L’ultimo Consiglio europeo ha approvato il testo finale del nuovo patto di bilancio: un accordo per la stabilità, il coordinamento e la governance dell’Unione economica e monetaria. L’Europa ha ora nuove regole di rigore comuni sui conti e sulla crescita. L’intesa sul nuovo “Fiscal compact” è stata raggiunta, dopo un negoziato piuttosto serrato, solo da 25 stati membri: oltre che la Gran Bretagna, la cui defezione era già stata annunciata da tempo, a sorpresa anche la Repubblica Ceca non ha firmato l’accordo.

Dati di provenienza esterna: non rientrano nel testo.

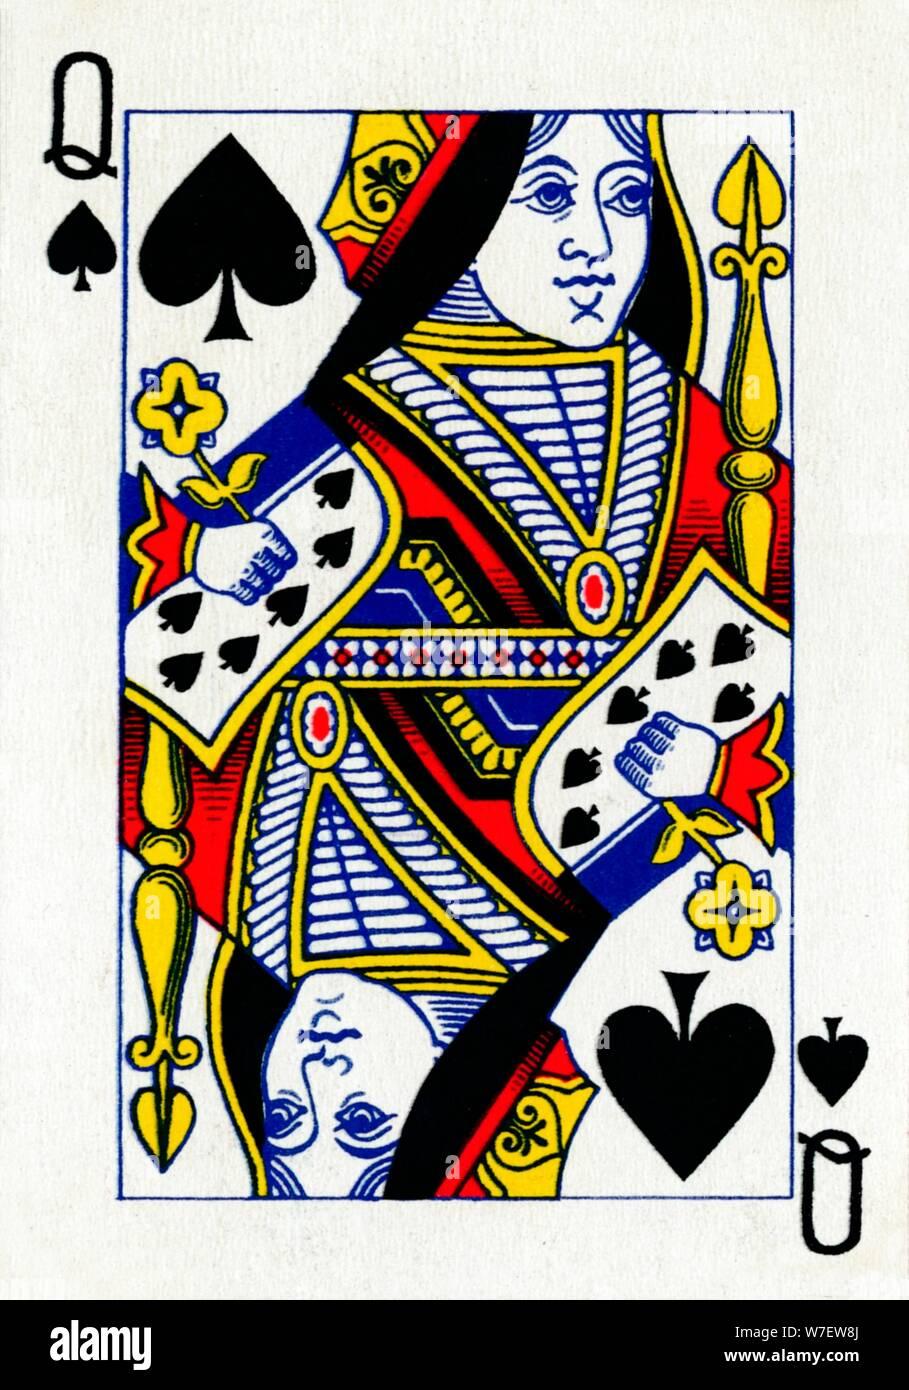 Spades queen dating of Queen Of

Il pareggio di bilancio diventa una “regola d’oro”: accettando il nuovo Patto, i 25 paesi hanno accettato di inserire l’obbligo dell’equilibrio dei conti nelle Costituzioni nazionali o in leggi equivalenti e si sono impegnati a fare scattare sanzioni “semi-automatiche” in caso di violazione. I paesi che hanno un debito superiore al tetto fissato da Maastricht del 60% sul Pil si sono impegnati, inoltre, a un piano di rientro pari a 1/20 l’anno, tenendo però conto – come chiesto dall’Italia – dei fattori attenuanti previsti dal pacchetto di disposizioni sulla nuova governance economica.
Quella della crescita è una questione da risolvere una volta per tutte. Da mesi prendiamo atto fiduciosi dell’imminenza di misure che vadano a offrire un importante incentivo alla crescita economica europea. Mai però si è passati ad azioni concrete. Eppure all’interno dei governi dei paesi membri vi sono alcuni tra i migliori economisti del mondo. Non posso credere quindi che sia la mancanza di illuminazioni o l’incompetenza a bloccare la nostra azione per la crescita.
È il momento di tirare fuori le idee. La strategia europea per la crescita è contenuta in quei riferimenti dei risultati del Consiglio che rimandano – come è giusto – alle proposte che farà la Commissione europea. È giusto sostenere la Commissione in questo compito. In questo senso, però, occorre innovare il processo decisionale, aprendo in maniera totale al contenuto delle commissioni parlamentari. Avremmo non solo più trasparenza, ma anche più efficacia.
La nota più amara scaturita dal Consiglio è il fatto che l’accordo sia stato firmato da 25 Stati membri e non da 26, come era stato previsto da tutti. Non ci possiamo permettere un progetto di integrazione europea che perde paesi membri a ogni giro di boa. Perché la conseguenza di questa impostazione sarebbe non una più forte e più politica Europa dei paesi sopravvissuti, ma sarebbe il tramonto, nelle nostre opinioni pubbliche, della persuasività dell’idea stessa di Europa. Lo sviluppo e la crescita globale si possono ottenere solo con la crescita comune nello sviluppo complessivo dell’Unione europea per superare appunto i protezionismi e le particolarità nazionali.
È un rischio molto grave quello a cui andiamo incontro. Francia, Italia e Germania devono farsi carico di questo momento e attuare una moral suasion continua. Dobbiamo nello stesso tempo avere la capacità di non escludere coloro i quali volontariamente si mettono ai margini.Sono ancora troppe le spinte nazionaliste in Europa, sono ancora in troppi coloro i quali dimenticano che 65 anni di pace e sviluppo per l’Europa sono l’eccezione e non la regola della nostra storia. Oggi è necessario farlo percepire a chi tra i capi di governo è tentato di rincorrere più il consenso di un’opinione pubblica incerta che non la sensatezza e la bellezza del progetto europeo.
La crisi economica deve favorire quella solidarietà tra i Paesi che sarebbe più che mai necessaria per mettere alla prova il ruolo positivo dell’Unità europea. Non possiamo consentire che la crisi faccia trionfare l’egoismo e resusciti antichi nazionalismi, come quello del Regno Unito, che ha scelto l’isolamento rinunciando al suo ruolo naturale in Europa. Non possiamo consentire agli altri Stati di approfittare della situazione per ritornare a un meno impegnativo e superato metodo intergovernativo.